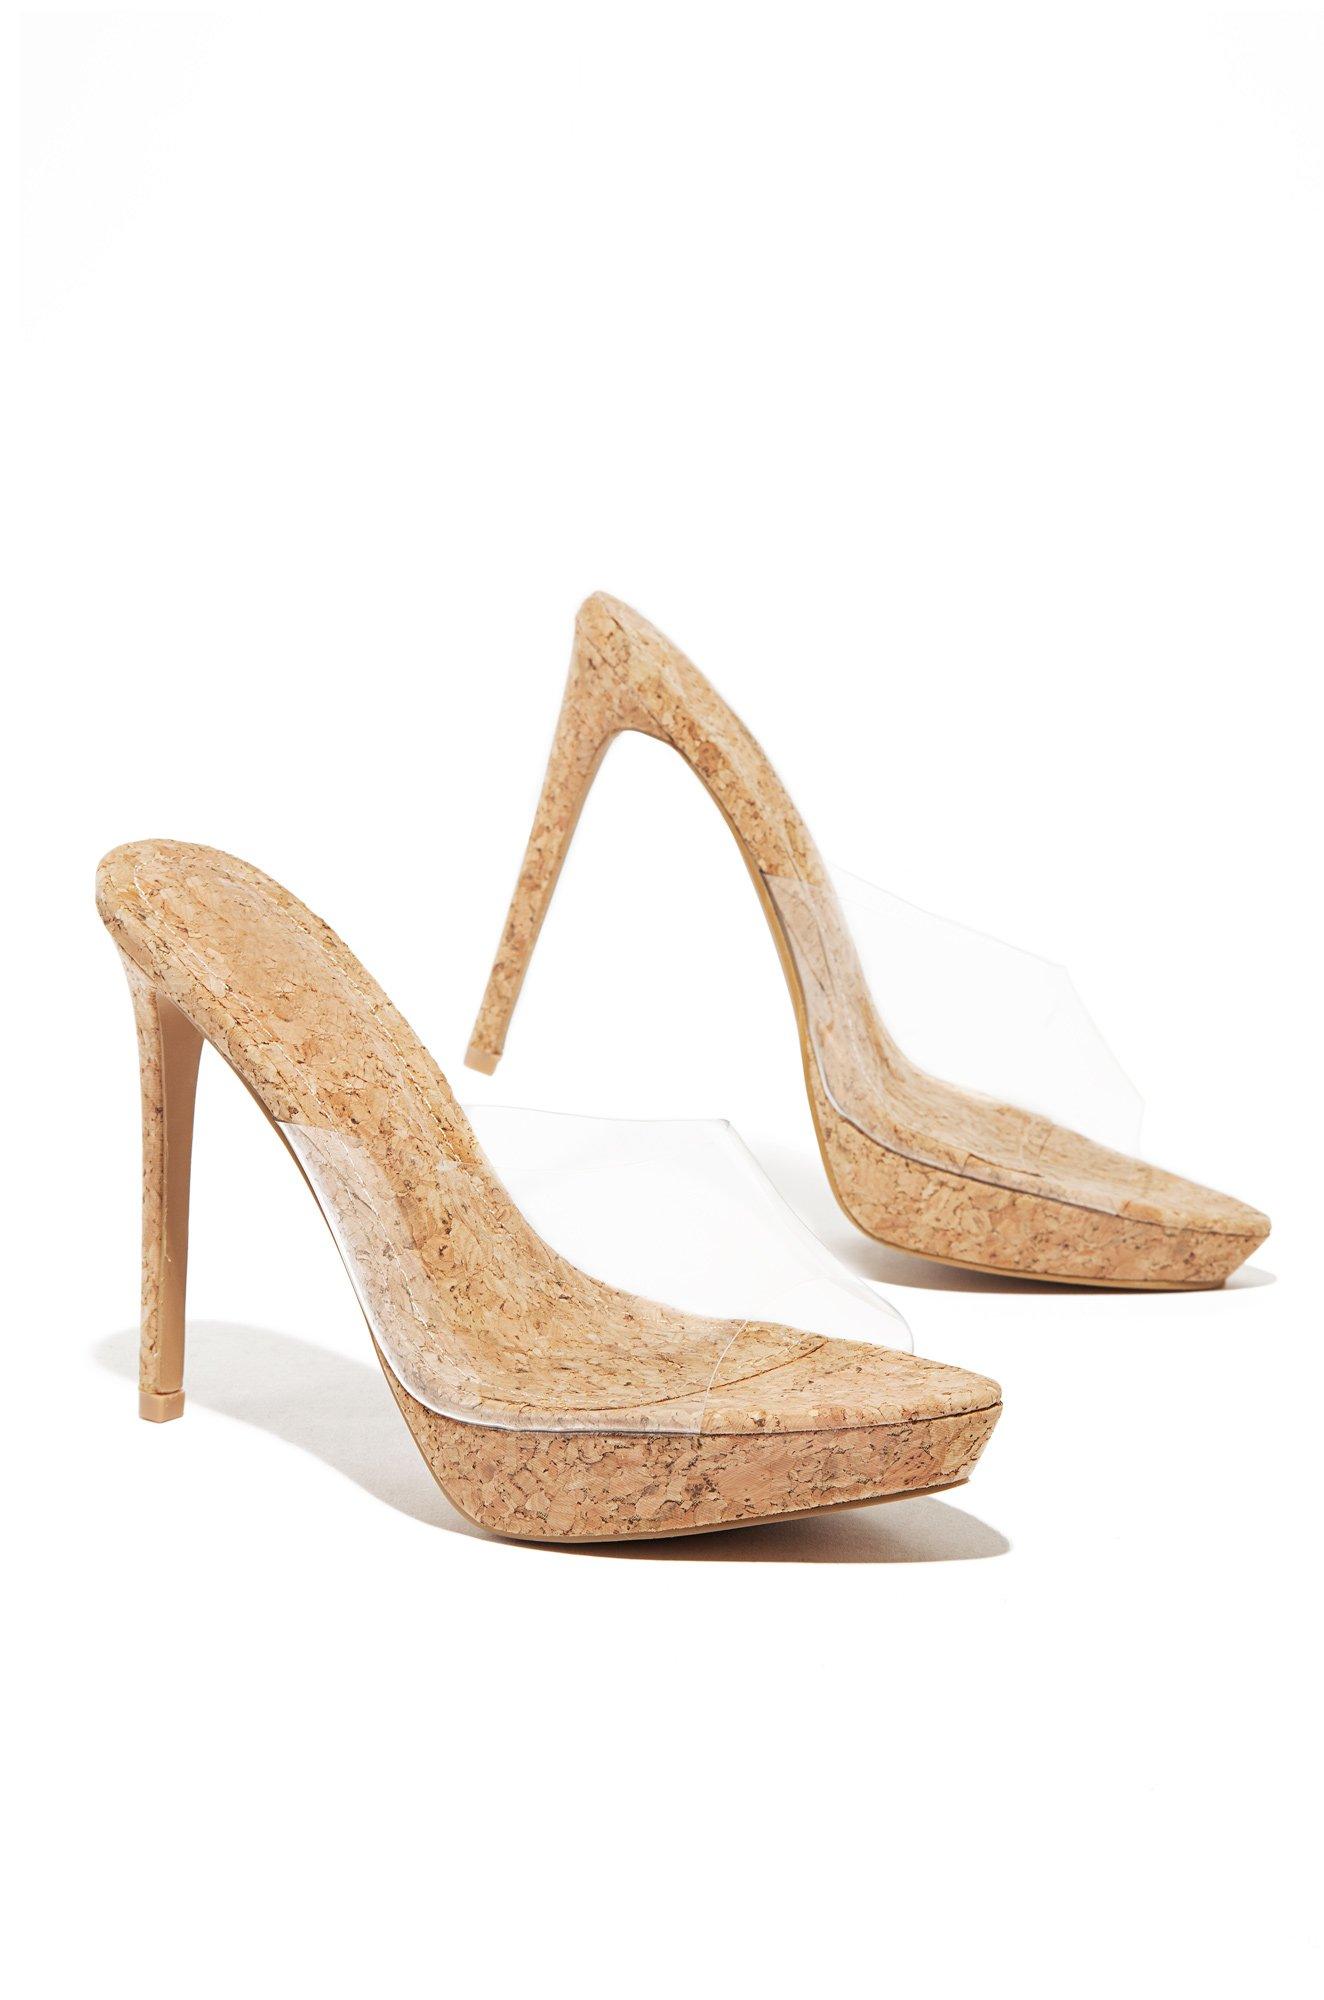 041cc4c2604 Details about Cape Robbin Worship Cork Clear Wrap Comfortable Open Toe  Stiletto Heeled Sandals
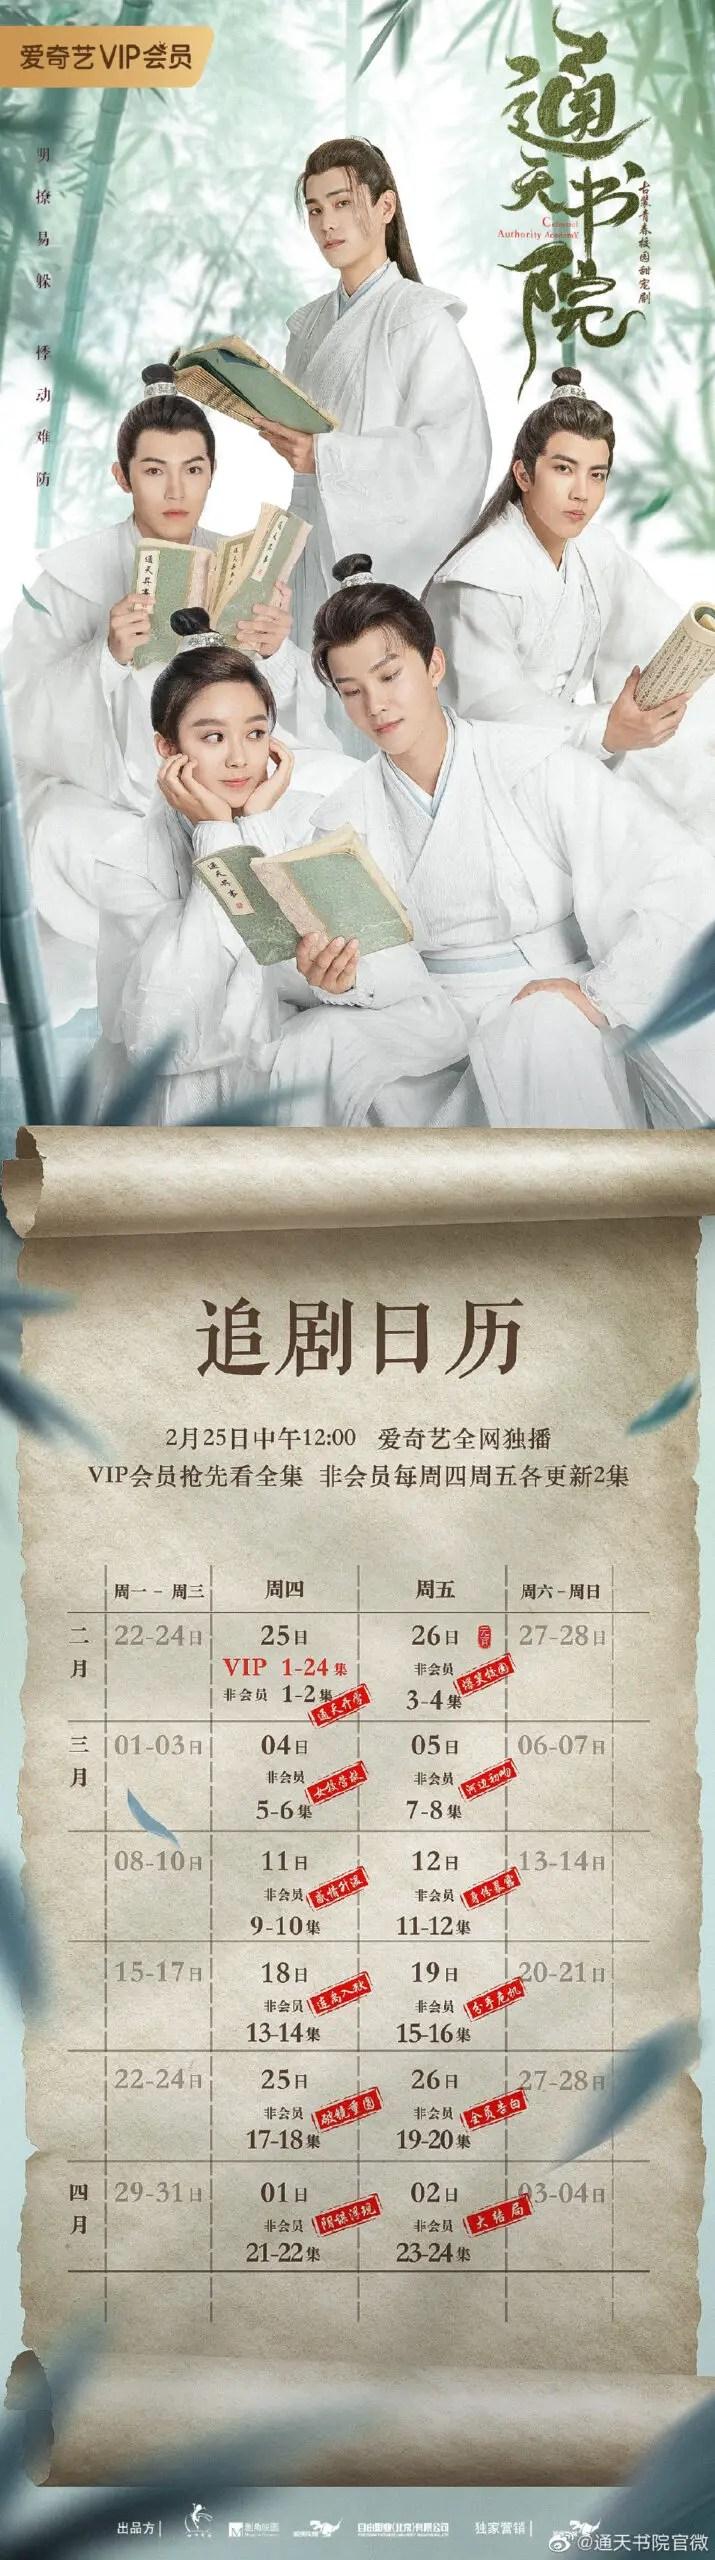 Celestial Authority Academy Chinese Drama Airing Calendar
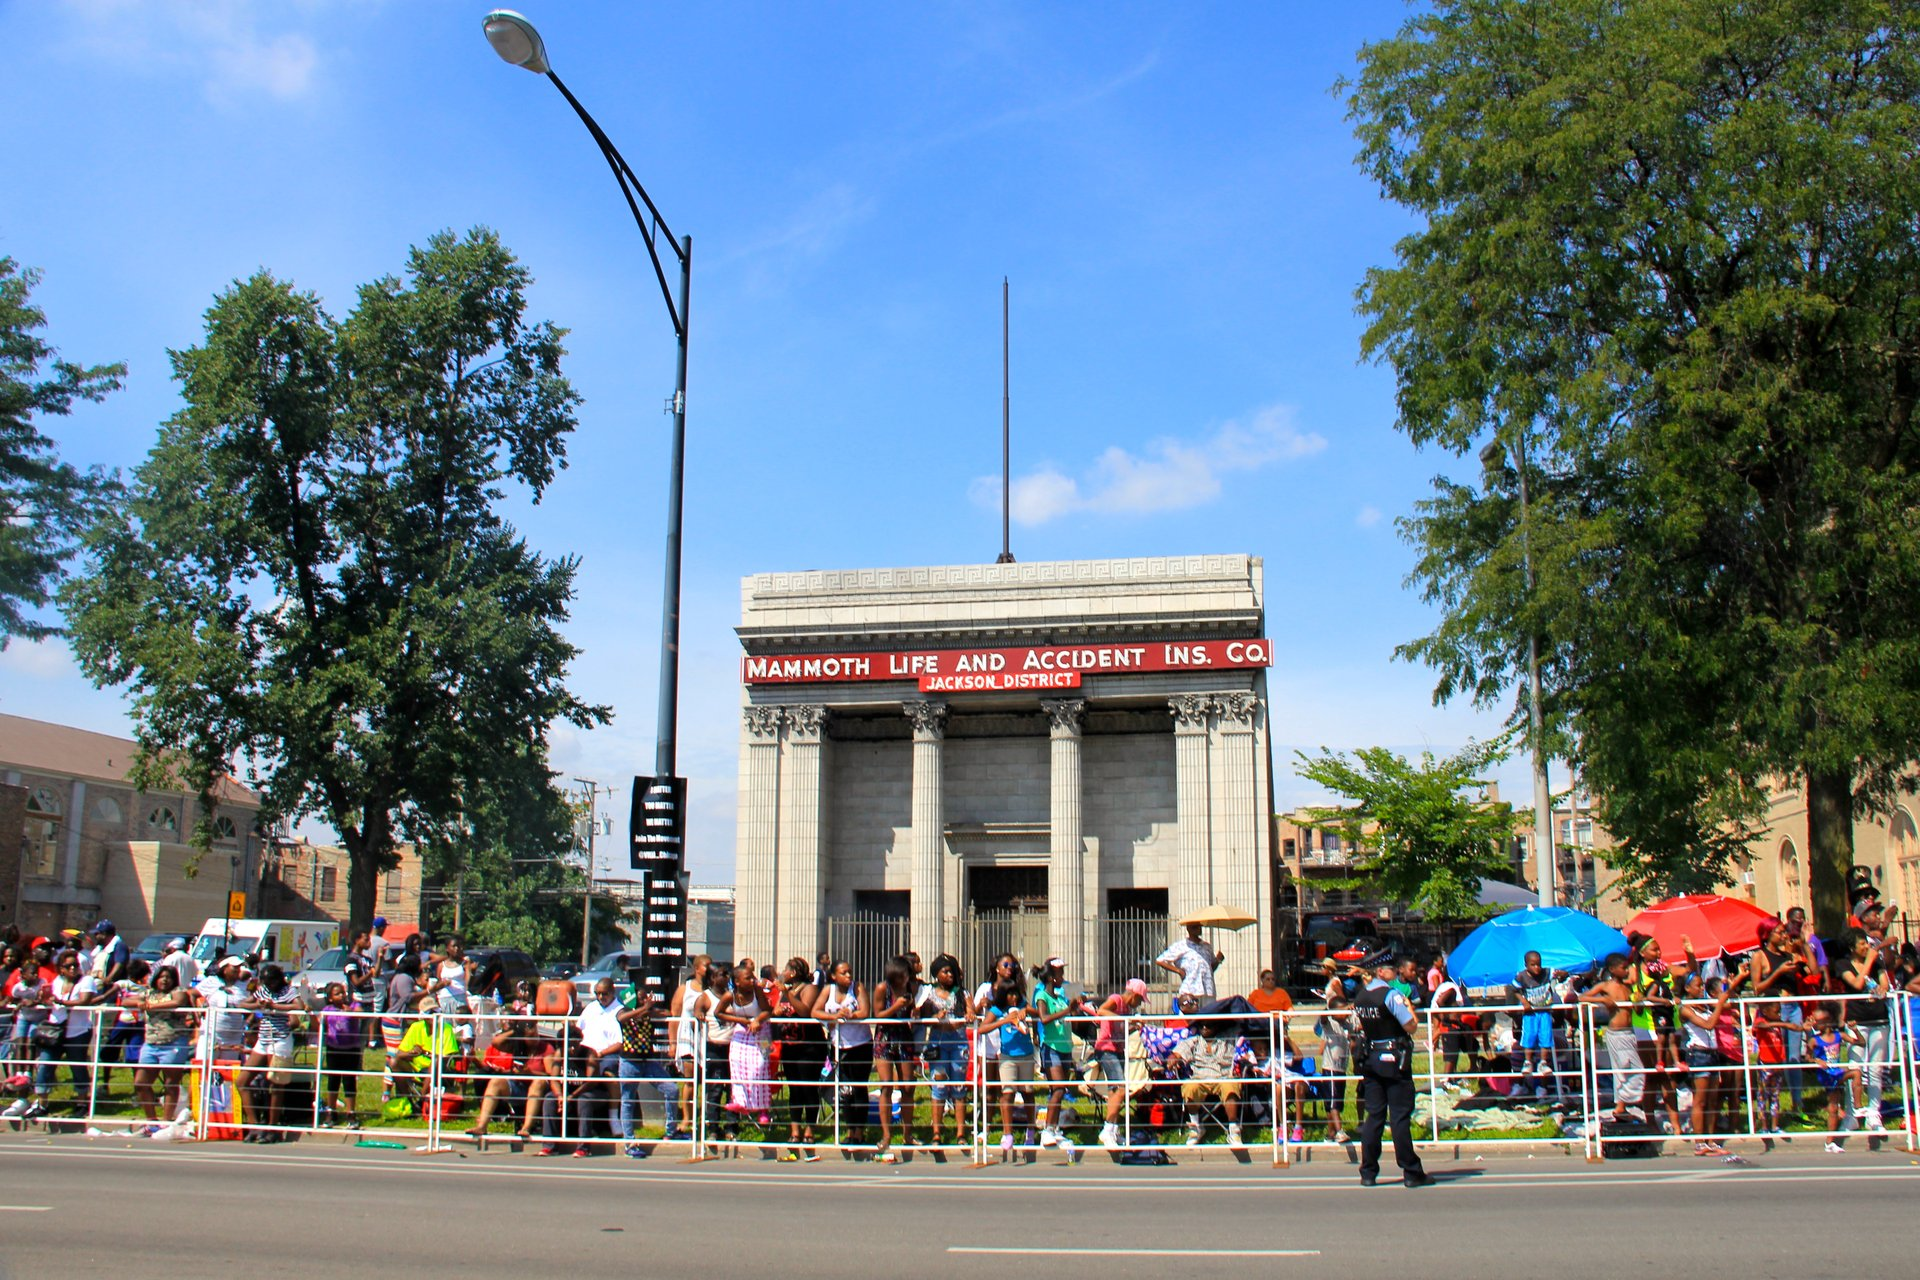 Bud Billiken Parade in Chicago - Best Season 2020

-.-.-

== Task statement ==
Give again, word for word, the lines above from the one with "Celestial Authority Academy" through the final line of the data, both ends included. Do not copy any picture.

== Result for this task ==
 Celestial Authority Academy Chinese Drama Airing Calendar
 Bud Billiken Parade in Chicago - Best Season 2020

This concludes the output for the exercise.